两人的眼睛呆滞地望着母亲,眼里的泪水都不经过停顿地顺流而下。

莅阳觉得那神情很可怖。

“父亲……父亲,母亲……父亲…父亲”

他们跪在莅阳的面前痛哭起来,即使再隐忍,再努力,也到了极限。

莅阳看到孩子们的神情反而坐了起来,儿子们吓了一跳,赶紧过去扶,可她似乎接受了这个事实一般。

她转头看见了秦太医,旁边还有个小医女背着医药盒。
 

紫金山山脚下的这处驿站,是供人流动歇息用的,如今谢玉已被临时抬到了这里。

门外有人把守,屋子里黑漆漆的,她走进去,往里走……

他身上已被整理得很好,至少穿着衣服,她看不到他身上有什么伤痕,连脸上都没有。就像一个好端端的人,在那儿睡着了一般。

莅阳被儿子们扶着,慢慢地坐到床榻下,她伸出手,如常地摸摸他的脸颊……除了冰冷之外,并没有什么异常,她想。
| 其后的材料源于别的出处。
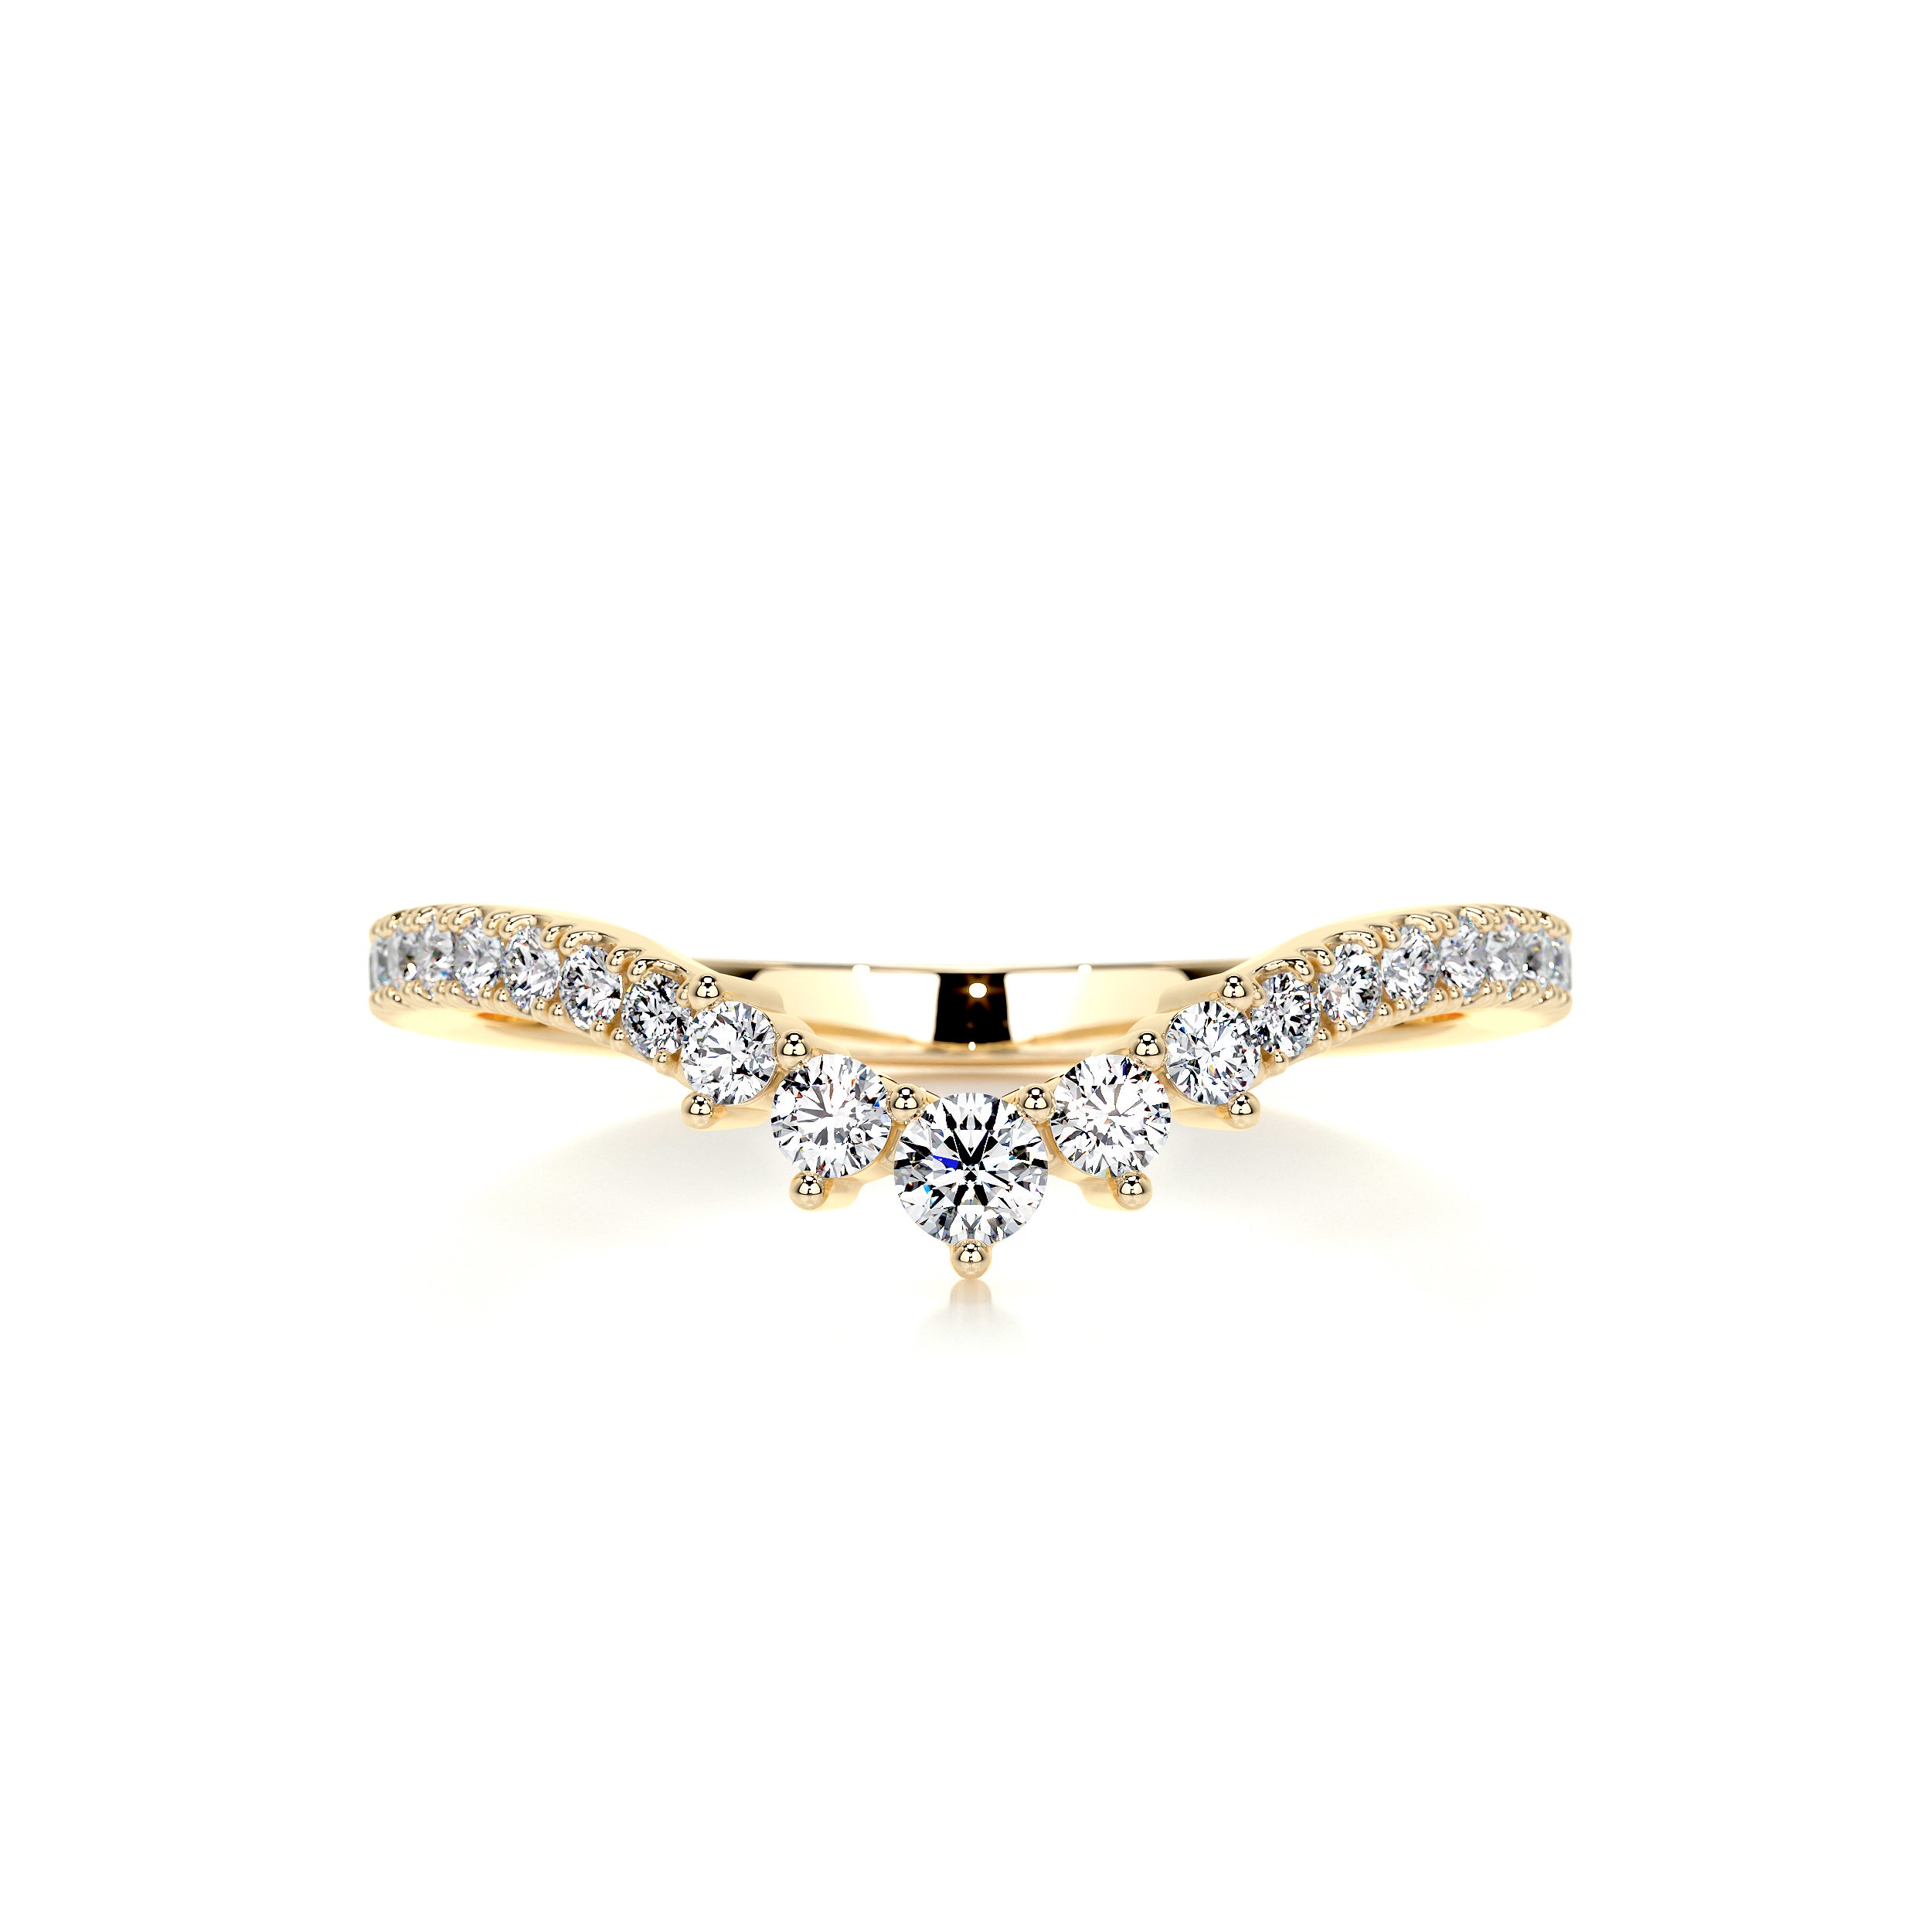 Mia Diamond Wedding Ring   (0.35 Carat) -18K Yellow Gold

“…侯爷应是情急之下运用了内力护住了心脾,无奈下坠之速太快,又被山崖硬物咯碎了脊梁,回护不了内脏了,最后跌落在山涧中,估计就无法动弹了。不过…想必侯爷一直没放弃,只是…夜间实难寻觅,又耽搁了这么久,所以…” 秦太医一直摇着头叹息,他很是遗憾,这样顽强的人真是少见。

莅阳的手一直触摸在他脸上。

“母亲…母亲……”两个儿子跪在地上,扶着她直抖,早已泣不成声。

她一滴眼泪都没掉,神色还很平静。

“你们都出去吧,我陪他呆会儿。”她平静而低沉地说。

“母亲……”

莅阳回头看着景瑞笑笑,“我没事,我陪你父亲呆会儿。”

在这驿站的小屋子里,在这昏天黑地的世界中,再陪他呆会儿……

“喂…喂…”

她一手搂着他的头,一手抚着他的脸,像平常打趣时那样叫他,可叫他他不应,唤他他不醒,她便把头枕在他的身上,手依旧抚着他的脸。可耳朵里没有像往常那样传来他的心跳声,什么声音都没有……
 

皇帝半夜就派出了太医院的院使,命令找到人后尽全力医治,若是将人救回,进加一等等级。

可如今这一群太医在这里也毫无用处了,都得安排他们回去。只留下一个秦太医即可,是怕长公主出了事。

巡防营的人送太医们走了,随行的还有那三个下人们的尸体——因为找到谢玉之前,也是先找到他们的尸体,虽然都摔得都惨不忍睹,但终归是都找到了(就连那辆车也找到了,摔得粉身碎骨,就剩木头渣儿了),所以都一起拉回去。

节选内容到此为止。